Platelet multidrug resistance protein 4 (MRP4) plays a modulating role on platelet activation. Platelet function and thrombus formation are impaired in MRP4 knockout mice models, and, among aspirin-treated patients, high on-aspirin residual platelet reactivity (HARPR) positively correlates with MRP4 levels. To better understand the effects of MRP4 on platelet function, the aim of this investigation was to assess the impact of cilostazol-induced inhibition of MRP4-mediated transport and assess aspirin-induced antiplatelet effects and rates of HARPR in human subjects.Cilostazol-dependent inhibition of MRP4-mediated transport was assessed with the release of the fluorescent adduct bimane-glutathione and aspirin entrapment. Effect of Cilostazol on cAMP inhibition was evaluated by vasodilator-stimulated phosphoprotein (VASP). Platelet function was studied by collagen and TRAP-6-induced platelet aggregation and secretion.Cilostazol reduced the release of bimane-glutathione and enhanced aspirin entrapment demonstrating an inhibitory effect on MRP4 in platelets.

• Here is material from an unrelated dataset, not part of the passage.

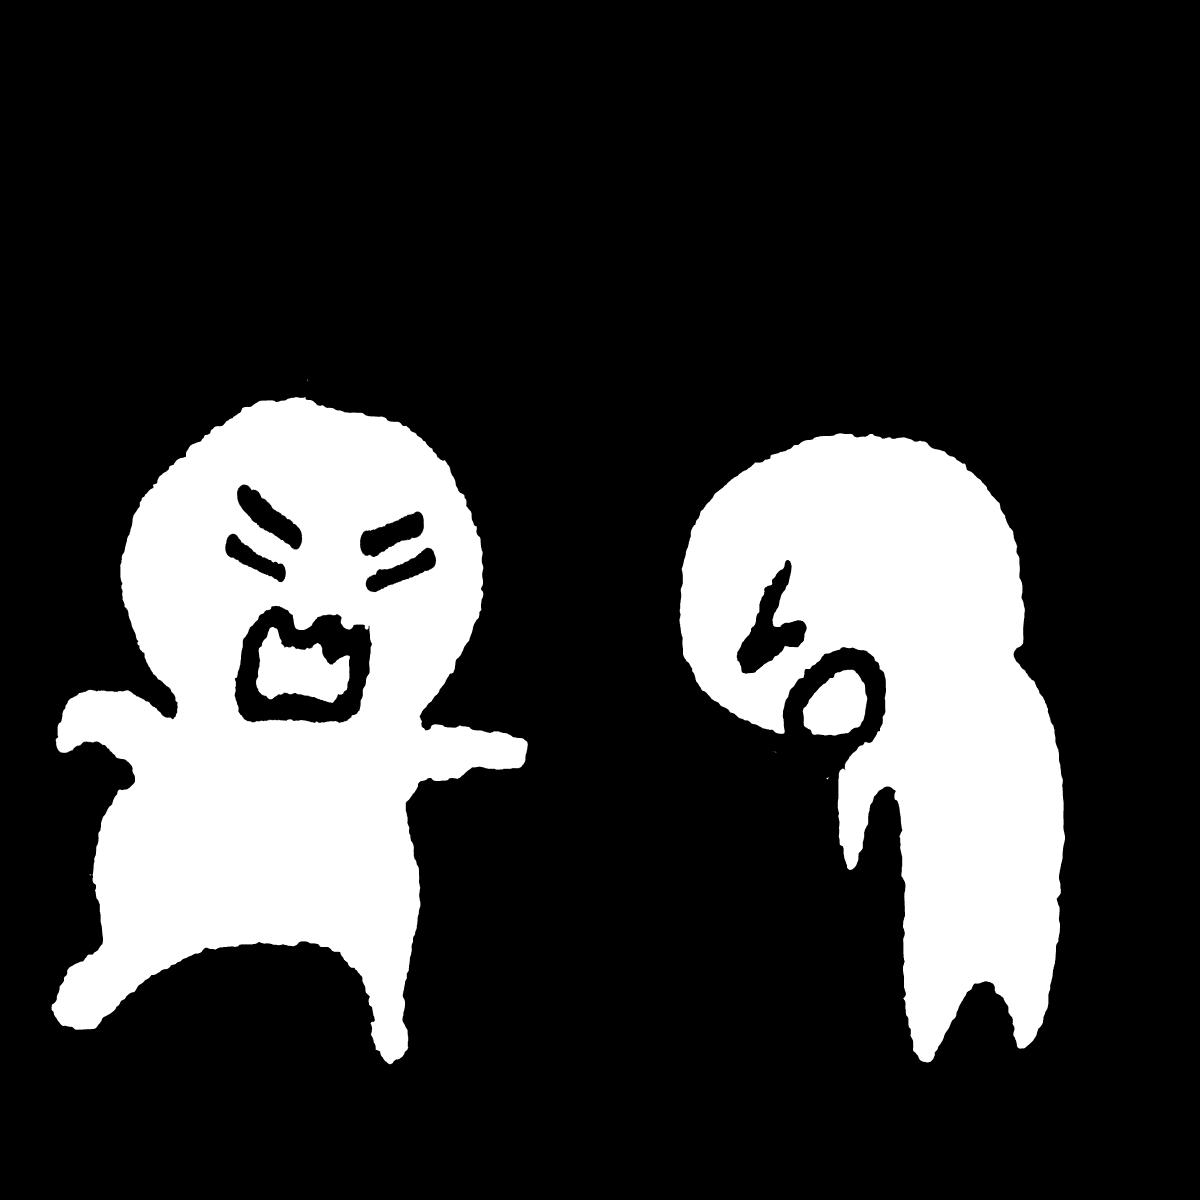 怒られるのイラスト / Get yelled at Illustration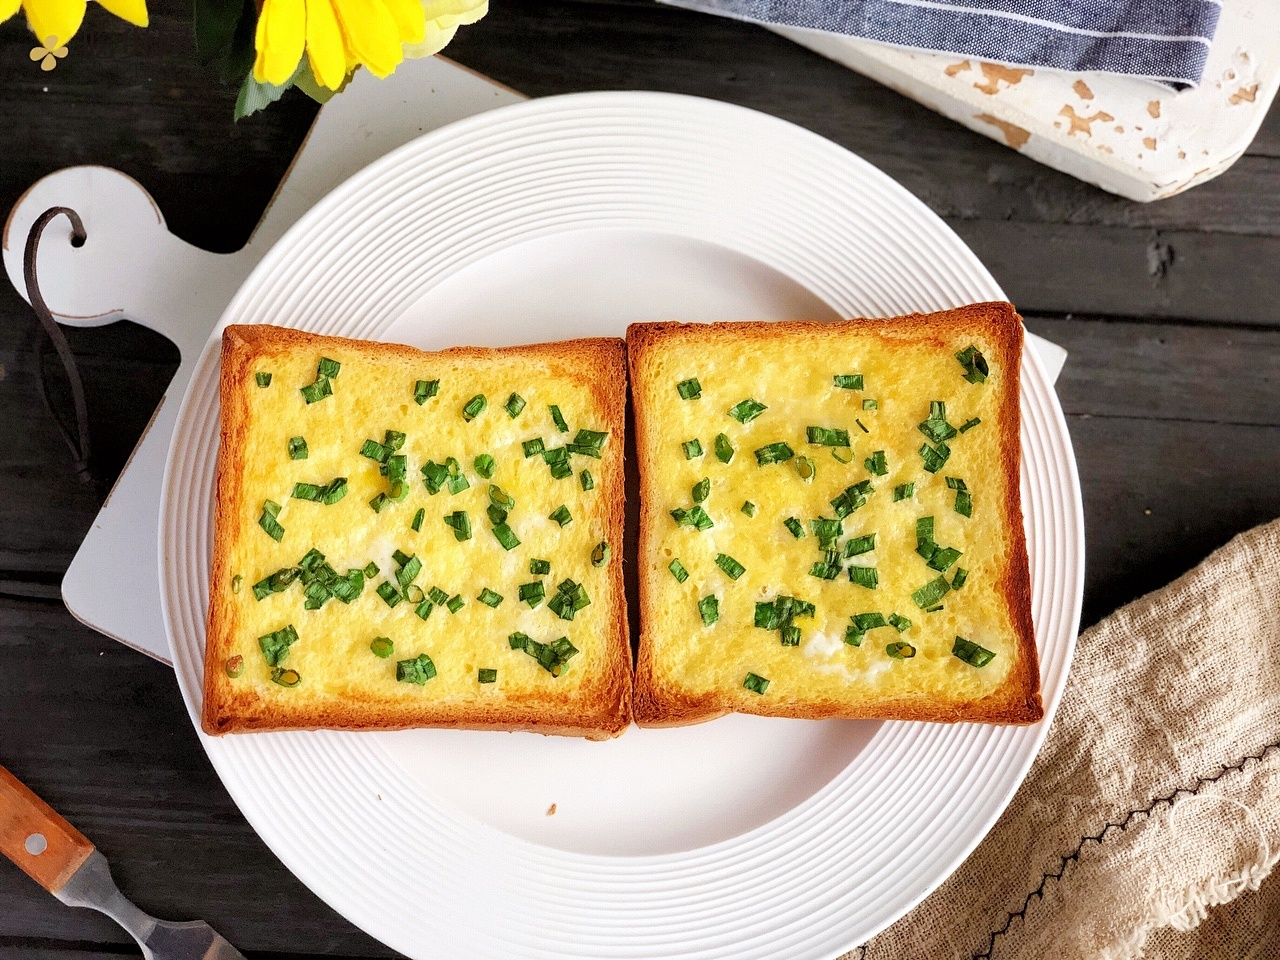 吐司片的一百种吃法之香葱鸡蛋吐司片,10分钟快手早餐,咸香酥脆的做法 步骤9

VASP phosphorylation was absent until 10 seconds after addition of cilostazol, and becomes evident after 30 seconds. An inhibitory effect on platelet aggregation and secretion was found in activated platelets, with threshold concentration of agonists, 10 seconds after addition of cilostazol, supporting a role of MRP4 on platelet function that is cAMP independent. Cilostazol effects were also shown in aspirin-treated platelets. A reduction of platelet aggregation and secretion were observed in aspirin-treated patients with HARPR.This study supports the role of MRP4 on modulating platelet function which occurs through cAMP-independent mechanisms. Moreover, inhibition of MRP4 induced by cilostazol enhances aspirin-induced antiplatelet effects and reduces HARPR.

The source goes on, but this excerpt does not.